Assignment
Restate all entries exactly.

Content starts

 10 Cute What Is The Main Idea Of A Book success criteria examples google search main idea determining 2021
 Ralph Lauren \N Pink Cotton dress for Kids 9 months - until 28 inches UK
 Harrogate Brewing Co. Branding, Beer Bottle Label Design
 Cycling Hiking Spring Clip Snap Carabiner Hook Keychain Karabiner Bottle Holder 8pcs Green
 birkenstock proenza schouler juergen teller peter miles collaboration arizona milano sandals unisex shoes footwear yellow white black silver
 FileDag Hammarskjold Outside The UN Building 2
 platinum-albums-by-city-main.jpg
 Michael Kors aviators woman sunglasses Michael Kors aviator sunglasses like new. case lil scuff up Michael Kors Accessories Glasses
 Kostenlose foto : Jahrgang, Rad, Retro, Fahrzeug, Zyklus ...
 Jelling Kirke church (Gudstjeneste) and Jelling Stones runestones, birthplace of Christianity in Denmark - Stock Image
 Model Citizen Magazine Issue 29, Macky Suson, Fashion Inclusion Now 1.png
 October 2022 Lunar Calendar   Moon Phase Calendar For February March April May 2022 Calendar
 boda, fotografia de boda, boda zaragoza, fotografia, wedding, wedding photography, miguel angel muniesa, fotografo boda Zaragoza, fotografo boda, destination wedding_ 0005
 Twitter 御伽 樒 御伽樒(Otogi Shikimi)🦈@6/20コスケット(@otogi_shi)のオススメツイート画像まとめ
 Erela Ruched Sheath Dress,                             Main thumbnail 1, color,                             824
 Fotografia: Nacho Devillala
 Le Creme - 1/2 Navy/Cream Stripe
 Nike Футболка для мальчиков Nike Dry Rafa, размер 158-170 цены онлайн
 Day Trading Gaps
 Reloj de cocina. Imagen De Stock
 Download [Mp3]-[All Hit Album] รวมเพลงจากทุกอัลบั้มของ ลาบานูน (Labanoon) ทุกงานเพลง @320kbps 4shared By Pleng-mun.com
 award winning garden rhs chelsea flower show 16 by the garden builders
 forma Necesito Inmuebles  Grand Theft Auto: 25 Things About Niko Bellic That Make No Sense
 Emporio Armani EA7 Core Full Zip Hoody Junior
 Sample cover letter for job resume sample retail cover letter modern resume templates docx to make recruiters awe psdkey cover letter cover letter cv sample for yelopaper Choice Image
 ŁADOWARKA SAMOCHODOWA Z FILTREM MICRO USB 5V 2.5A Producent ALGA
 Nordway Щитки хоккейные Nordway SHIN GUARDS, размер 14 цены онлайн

Content ends

Finished exercise
 10 Cute What Is The Main Idea Of A Book success criteria examples google search main idea determining 2021
 Ralph Lauren \N Pink Cotton dress for Kids 9 months - until 28 inches UK
 Harrogate Brewing Co. Branding, Beer Bottle Label Design
 Cycling Hiking Spring Clip Snap Carabiner Hook Keychain Karabiner Bottle Holder 8pcs Green
 birkenstock proenza schouler juergen teller peter miles collaboration arizona milano sandals unisex shoes footwear yellow white black silver
 FileDag Hammarskjold Outside The UN Building 2
 platinum-albums-by-city-main.jpg
 Michael Kors aviators woman sunglasses Michael Kors aviator sunglasses like new. case lil scuff up Michael Kors Accessories Glasses
 Kostenlose foto : Jahrgang, Rad, Retro, Fahrzeug, Zyklus ...
 Jelling Kirke church (Gudstjeneste) and Jelling Stones runestones, birthplace of Christianity in Denmark - Stock Image
 Model Citizen Magazine Issue 29, Macky Suson, Fashion Inclusion Now 1.png
 October 2022 Lunar Calendar   Moon Phase Calendar For February March April May 2022 Calendar
 boda, fotografia de boda, boda zaragoza, fotografia, wedding, wedding photography, miguel angel muniesa, fotografo boda Zaragoza, fotografo boda, destination wedding_ 0005
 Twitter 御伽 樒 御伽樒(Otogi Shikimi)🦈@6/20コスケット(@otogi_shi)のオススメツイート画像まとめ
 Erela Ruched Sheath Dress,                             Main thumbnail 1, color,                             824
 Fotografia: Nacho Devillala
 Le Creme - 1/2 Navy/Cream Stripe
 Nike Футболка для мальчиков Nike Dry Rafa, размер 158-170 цены онлайн
 Day Trading Gaps
 Reloj de cocina. Imagen De Stock
 Download [Mp3]-[All Hit Album] รวมเพลงจากทุกอัลบั้มของ ลาบานูน (Labanoon) ทุกงานเพลง @320kbps 4shared By Pleng-mun.com
 award winning garden rhs chelsea flower show 16 by the garden builders
 forma Necesito Inmuebles  Grand Theft Auto: 25 Things About Niko Bellic That Make No Sense
 Emporio Armani EA7 Core Full Zip Hoody Junior
 Sample cover letter for job resume sample retail cover letter modern resume templates docx to make recruiters awe psdkey cover letter cover letter cv sample for yelopaper Choice Image
 ŁADOWARKA SAMOCHODOWA Z FILTREM MICRO USB 5V 2.5A Producent ALGA
 Nordway Щитки хоккейные Nordway SHIN GUARDS, размер 14 цены онлайн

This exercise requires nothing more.